Manuel Coma

El status quo

El americano tardó dos días en felicitar a su supuestamente íntimo aliado, el israelí. Nada de felicitaciones. Fueron treinta minutos de agria conversación telefónica. Detrás estaba el espectacular zigzag de Netanyahu. En los últimos momentos de su campaña pisó a fondo el pedal de lo que sus enemigos políticos llaman el «voto del miedo». Se trataba de transmitir que nadie como él puede ofrecer garantías frente a los graves peligros que acechan a Israel. Los perdedores atribuyen su derrota a esta maniobra. Ni que decir tiene cómo la califican. Parte esencial de la jugada fue declarar que con él no habrá dos estados: el futuro palestino junto al presente judío. Recién cosechada su victoria, interpretó sus palabras. Él no ha cambiado su política, lo que ha cambiado es la realidad. Sigue queriendo dos Estados pacíficos, sostenibles, pero las circunstancias son distintas. Cedió a la presión americana, haciendo con ello una cierta concesión a su izquierda.

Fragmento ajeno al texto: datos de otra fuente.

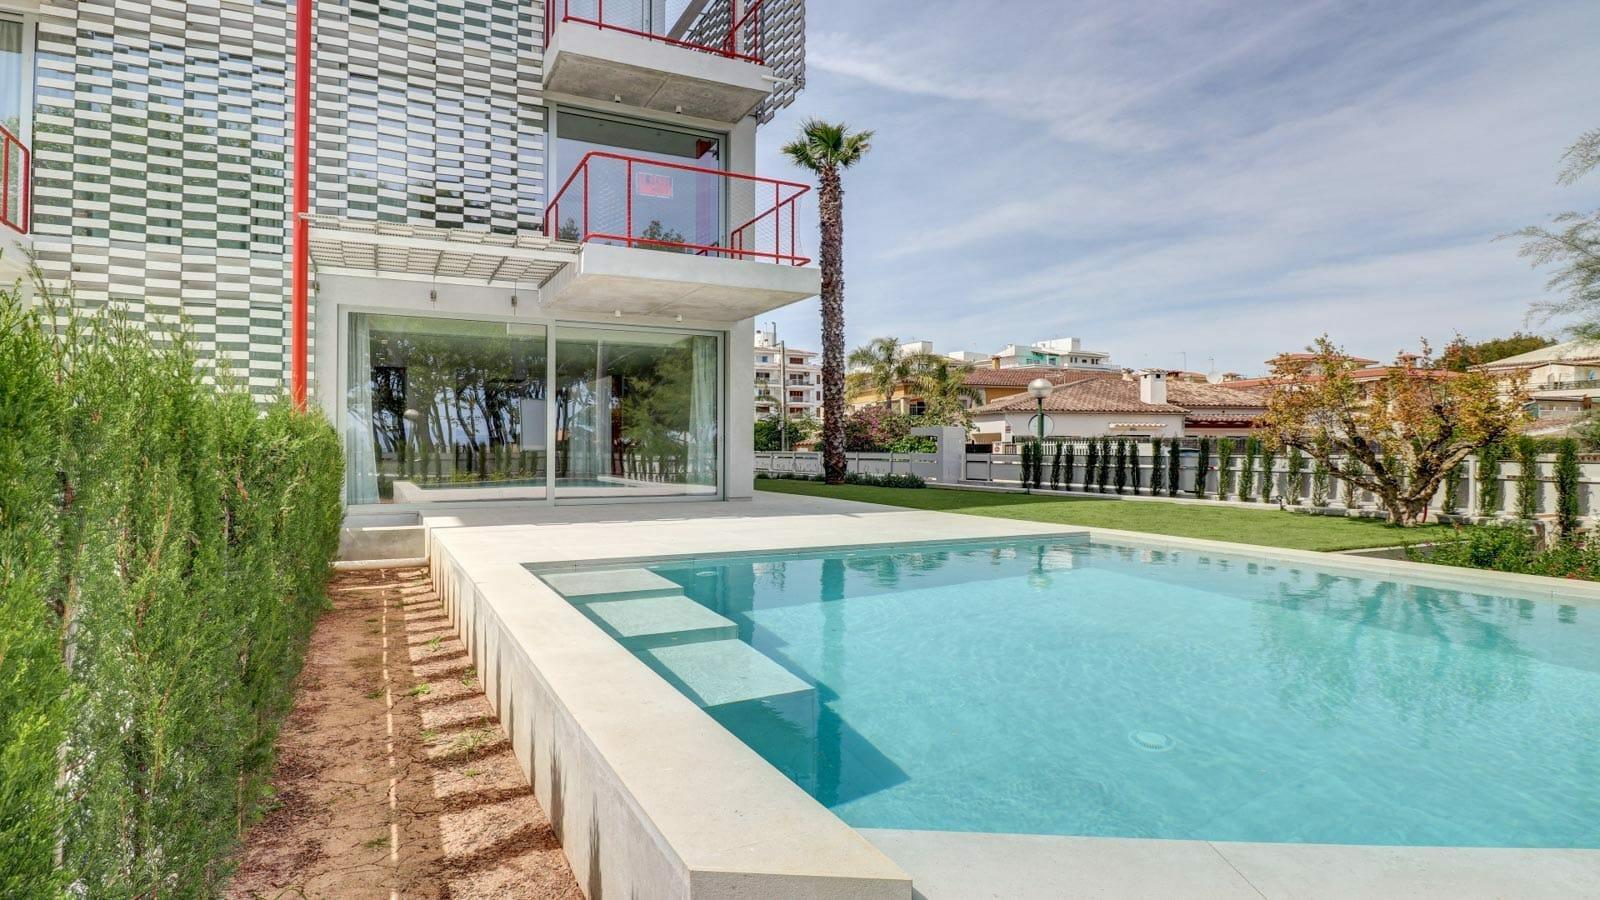 Moderne Luxus Doppelhaushälfte mit Swimmingpool in Alcudia

A la hora de la verdad electoral dio el cambiazo y acto seguido trató de amortiguar las consecuencias en sus relaciones con los Estados Unidos, matizando sus declaraciones. La repentina confesión es también una bofetada a Europa, pero eso le importa mucho menos a él y a sus compatriotas. La respuesta de Washington no se hizo esperar. Da a entender que está dispuesto a utilizar contra Israel las Naciones Unidas, foro tradicional de todos los antisionismos tercermundistas e izquierdistas, con frecuencia descaradamente antisemitas, y privilegiado auditorio de las voces palestinas. Diplomáticamente no puede haber ofensa mayor. Obama ha utilizado el desafío proveniente de Jerusalén para dar rienda suelta a todos sus males contenidos resentimientos contra el victorioso e intratable líder del Likud. Éste está ahora en modo de limitación de daños. Por pocos pelos que tenga en la lengua, es un animal político de raza y no puede ignorar la importancia de los Estados Unidos para su país. Así pues, la piadosa pero no inocua ficción de los dos estados está destinada a mantenerse. Por supuesto que no habrá normalidad, con todo lo que implica de relaciones pacíficas, hasta que los palestinos tengan su estado. Pero eso no será la solución de todos los problemas, sino exactamente al revés: hasta que los problemas no se resuelvan, no podrá haber dos entidades estatales. Lo mejor, y lo único, que puede hacerse, es trabajar con ahínco para ir solucionando los problemas, de modo que algún día, como coronación de todas las soluciones, pueda llegar el Estado.

Mientras tanto, ayudaría que todos los que olvidan que el camino del infierno está empedrado de buenas intenciones –inviables y nocivas, habría que añadir-, tomasen conciencia de que la voluminosa maraña de hostilidades que oponen a palestinos e israelíes se reducen a una muy sencilla: los israelíes, de cualquier pelaje ideológico, no cederán mientras no puedan estar seguros de que su Estado lo está. De momento no parecen prestos al suicidio. Por su parte, sería bueno que éstos aprendiesen que un principio muy arraigado de la cultura americana, que se remonta a sus mismos orígenes, es que todos los pueblos tienen derecho a su Estado. Esta creencia está en la raíz del apoyo americano al estado de Israel. Vale también para los palestinos, aunque sea en un plazo en el que, como decía Keynes, el economista, estaremos todos muertos.